More than 50 per cent of the kids in government care in Canada are Indigenous — which includes First Nations, Métis and Inuit youth — despite making up less than 10 per cent of children overall.
In B.C., the number of children in care has dropped to its lowest in 30 years, with 5,163 kids currently in the system, and its lowest number of Indigenous kids in care in 21 years. Still, roughly 67 per cent of youth in care are Indigenous. Three-quarters of Indigenous kids in care are taken in for neglect — a word that child welfare researchers say is synonymous with poverty.
Chief Terry Teegee of the B.C. Assembly of First Nations says he is “confounded” by the government’s continued appeal of the compensation orders, which directly impacts First Nations children in the province who are in or have spent time in government care.
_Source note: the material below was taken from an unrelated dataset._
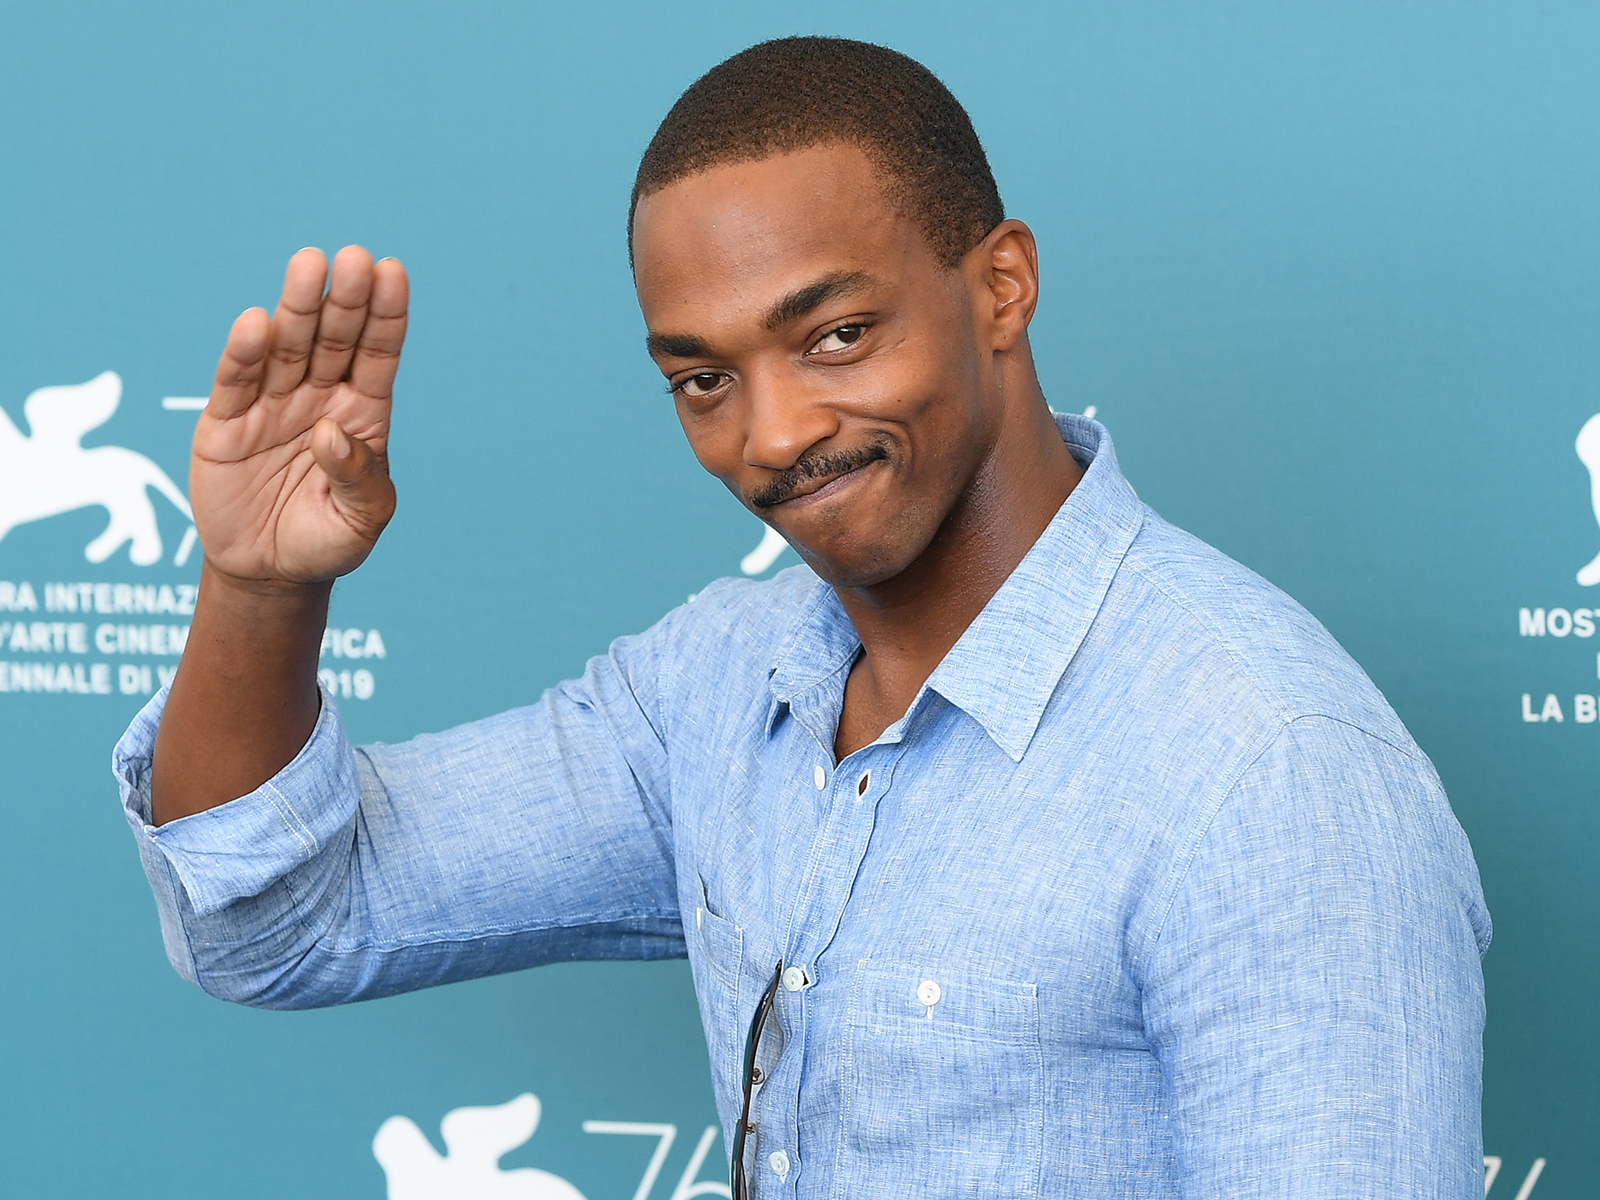 04-anthony-mackie-gettyimages-1171130859.jpg

“They still haven’t received the compensation that was identified and agreed to by the colonial courts [that] said they were discriminated against,” he said. “Our children are being discriminated against as they appeal this case again.”
Both Teegee and Casimer urged Canadians to hold the federal government accountable by calling on their members of Parliament and the federal NDP to pressure the government to end its court appeals of the tribunal rulings.
At Friday’s press conference, Miller told the media he understands trust is thin between the parties. But he said the process his government has proposed is about “being able to look at your own children in the morning. This is about being able to look in the mirror.”
But Teegee noted trust in the federal government isn’t just thin: it’s barely there at all.
“We’re going onto a number of years here since the original court case came down and stated that our children have been discriminated upon,” he said. “I don’t know. We’ll see.”